What the task requires:
All of the data, except its images, should be set down exactly as it appears.

START Provided material

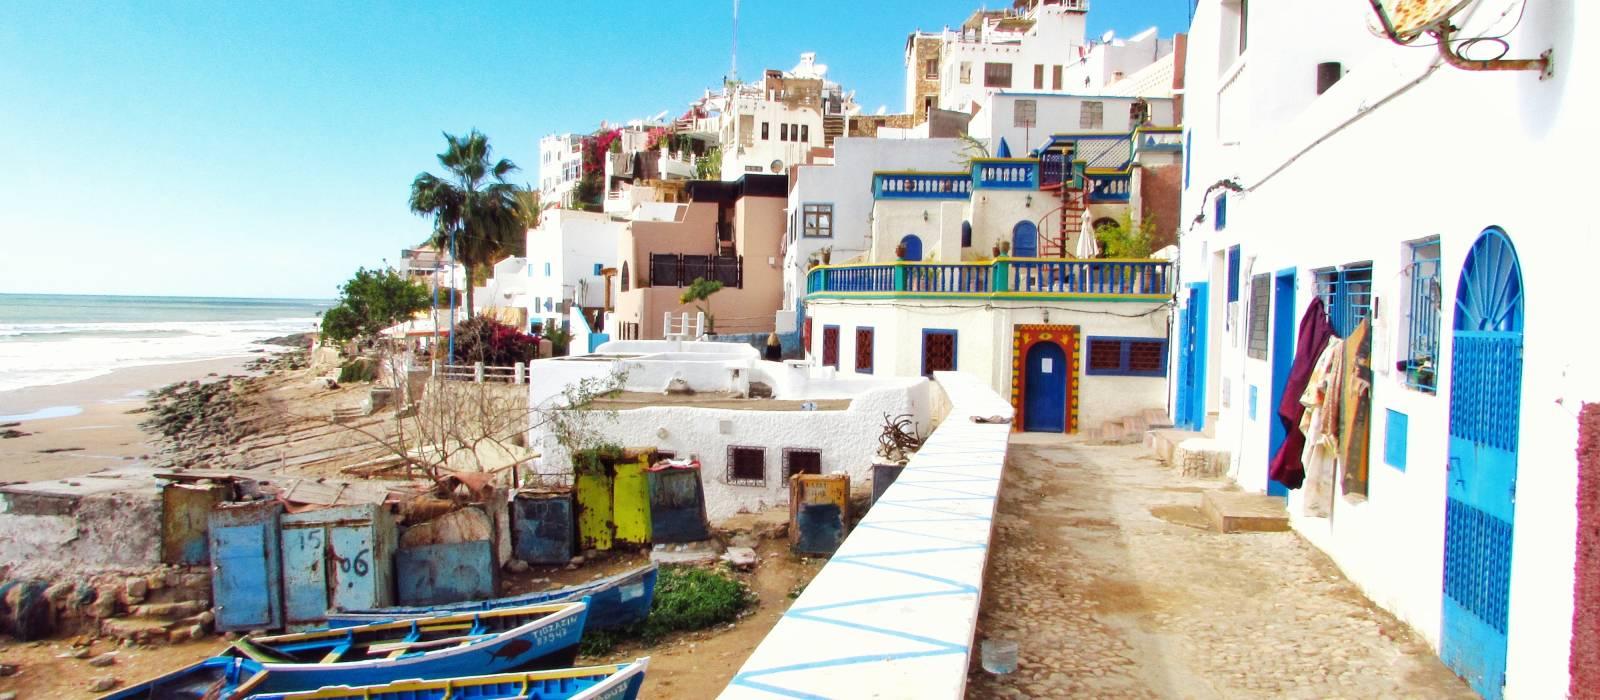 Südliches Marokko – Marrakesch und Atlantikküste Urlaub 1
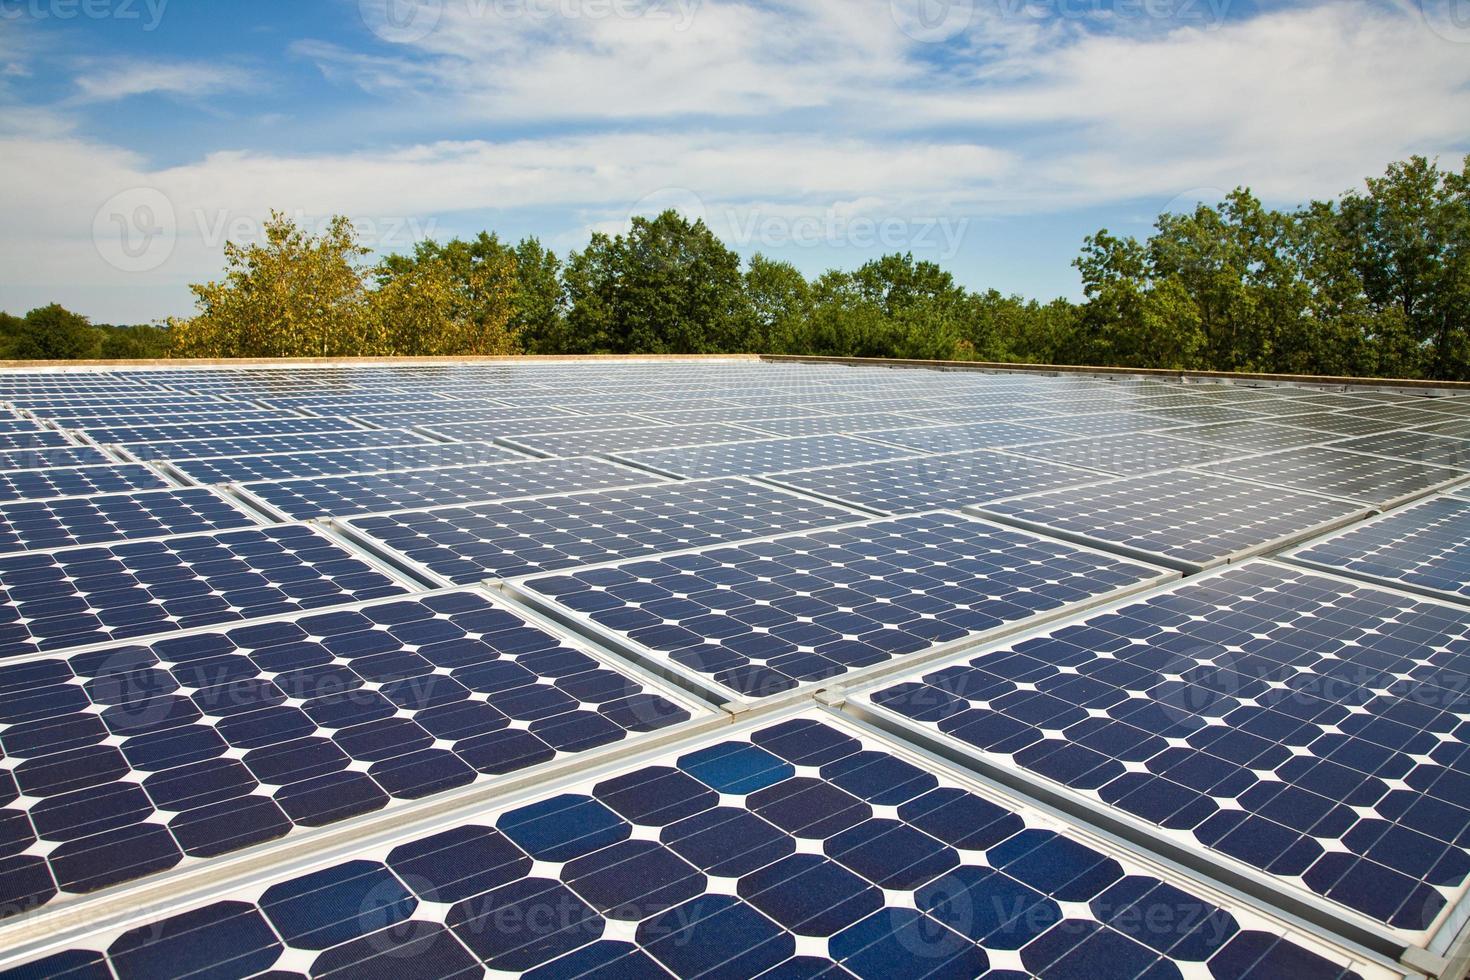 solpaneler på taket i småföretag foto
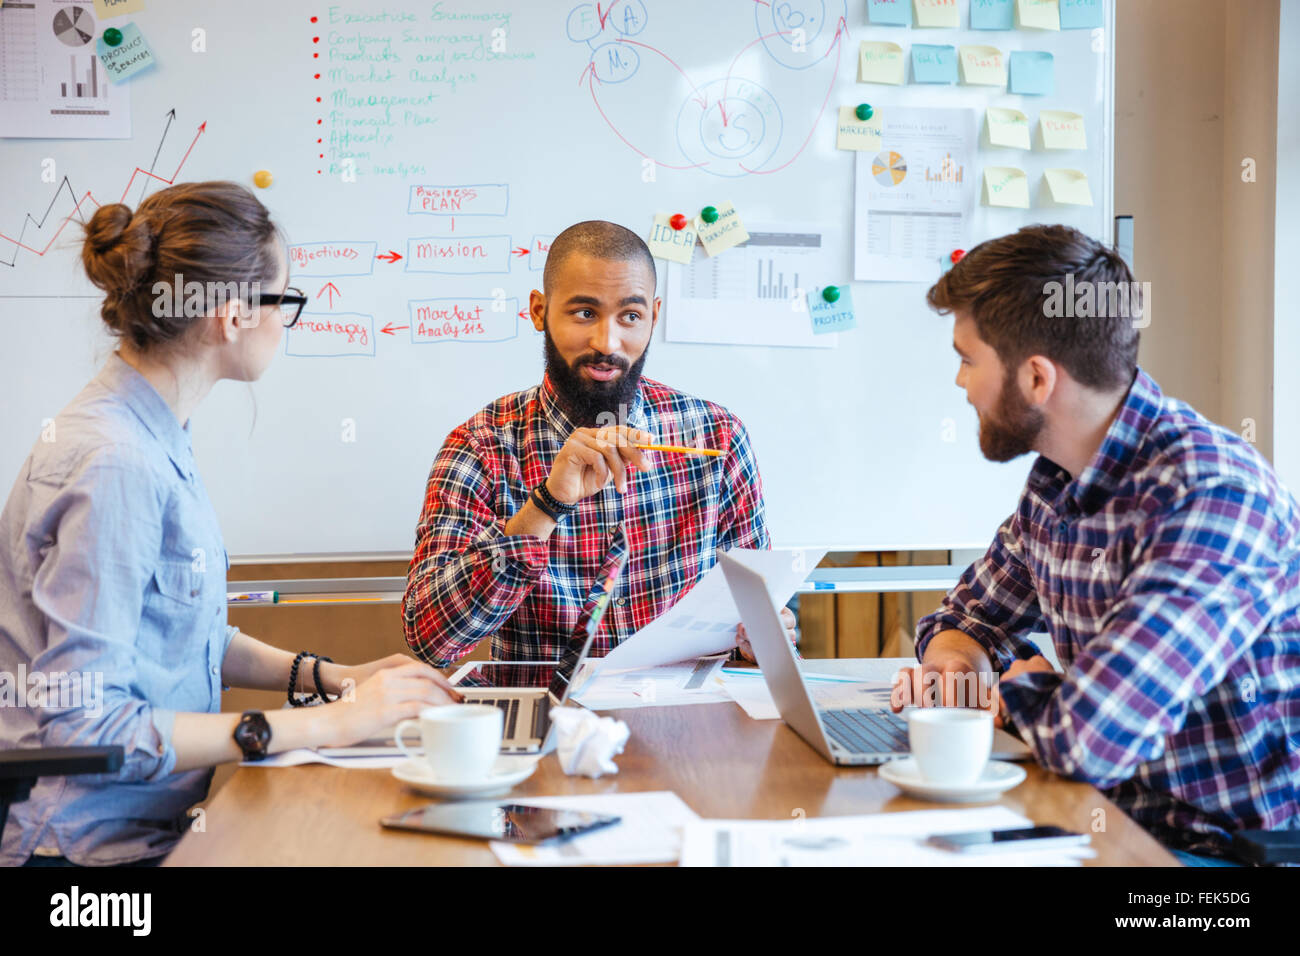 Un grupo de jóvenes creativos que Nuevo proyecto juntos en la sala de conferencias Imagen De Stock
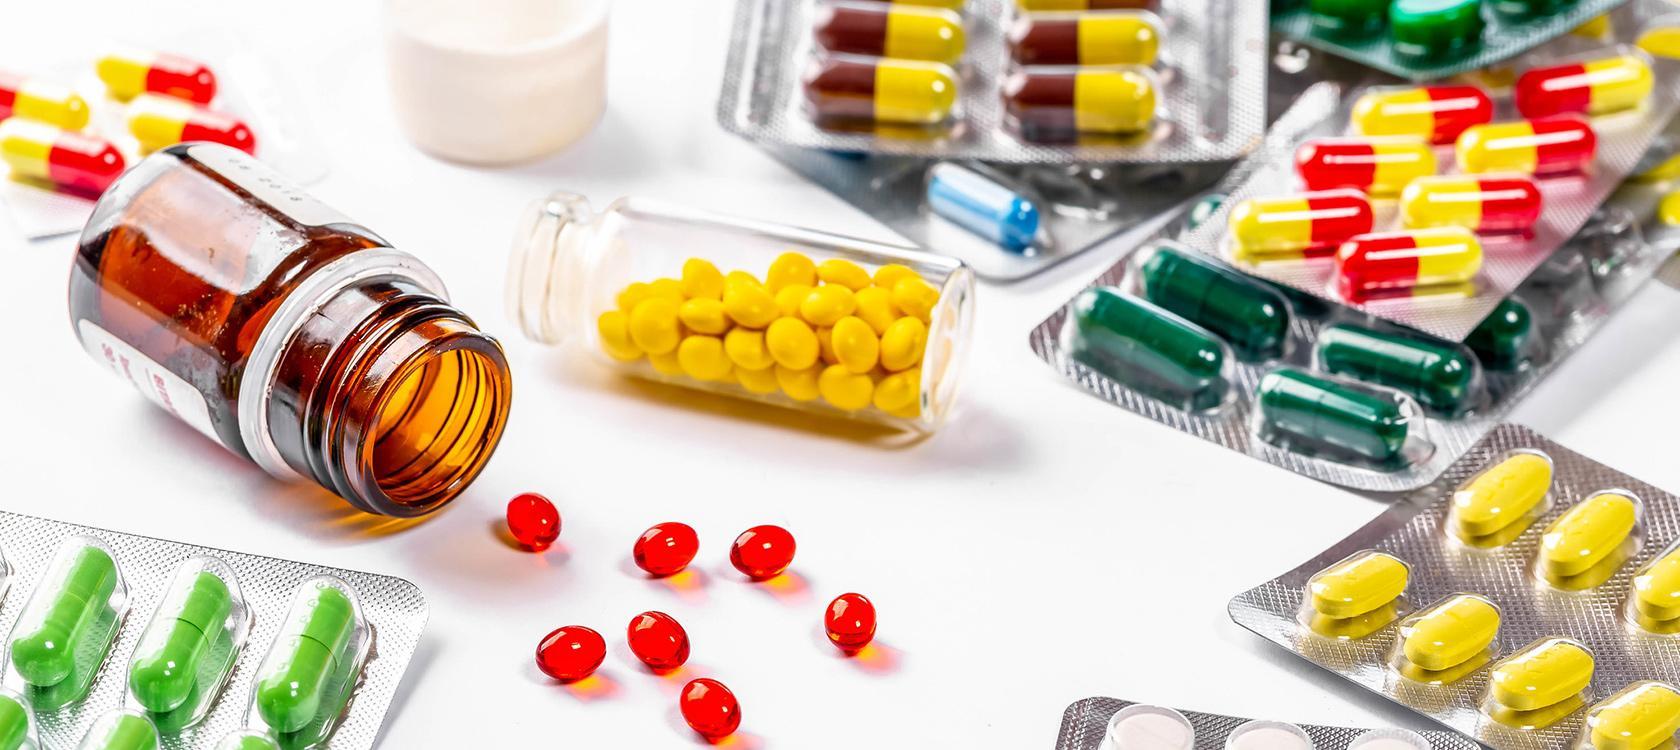 فروش اینترنتی دارو و مکملها ممنوع

END Provided material

Response to the task:
 Südliches Marokko – Marrakesch und Atlantikküste Urlaub 1
 solpaneler på taket i småföretag foto
 Un grupo de jóvenes creativos que Nuevo proyecto juntos en la sala de conferencias Imagen De Stock
 فروش اینترنتی دارو و مکملها ممنوع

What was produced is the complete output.